Scientific classification
- Kingdom: Animalia
- Phylum: Chordata
- Class: Aves
- Order: Strigiformes
- Family: Strigidae
- Genus: Megascops
- Species: M. albogularis
- Binomial name: Megascops albogularis (Cassin, 1849)
- Synonyms: Otus albogularis

= White-throated screech owl =

- Genus: Megascops
- Species: albogularis
- Authority: (Cassin, 1849)
- Conservation status: LC
- Synonyms: Otus albogularis

Species of owl

The white-throated screech owl (Megascops albogularis) is a small owl found in the Andes of Bolivia, Colombia, Ecuador, Peru and Venezuela.
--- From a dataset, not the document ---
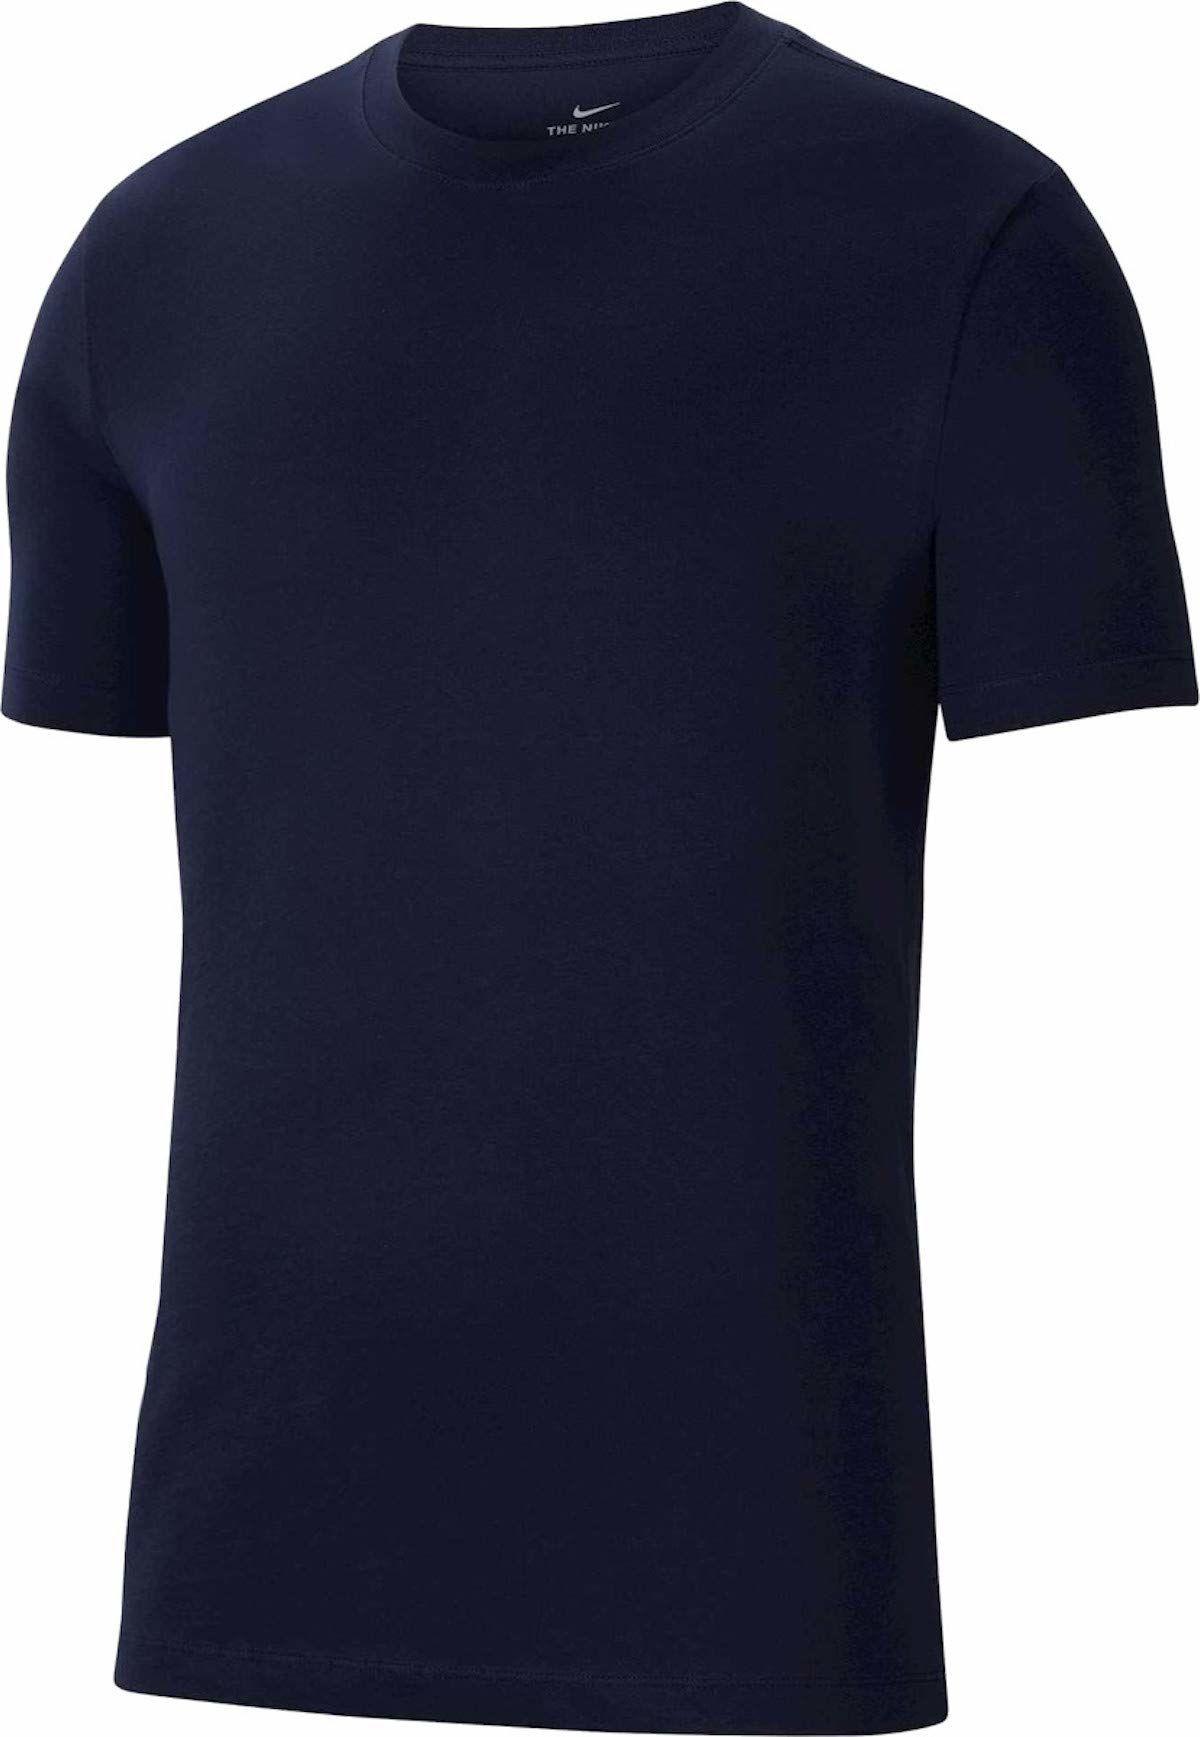 Nike T-shirt męski Team Club 20 Tee obsydianowy/biały XXL

==Taxonomy and systematics==

The white-throated screech owl was described by the American ornithologist John Cassin in 1849 and given the binomial name Syrnium albo-gularis. Five subspecies are currently recognized:

- M. a. obscurus Phelps & Phelps Jr. (1953)
- M. a. meridensis Chapman (1923)
- M. a. macabrus Bonaparte (1850)
- M. a. albogularis Cassin (1849)
- M. a. remotus Bond & Meyer de Schauensee (1941)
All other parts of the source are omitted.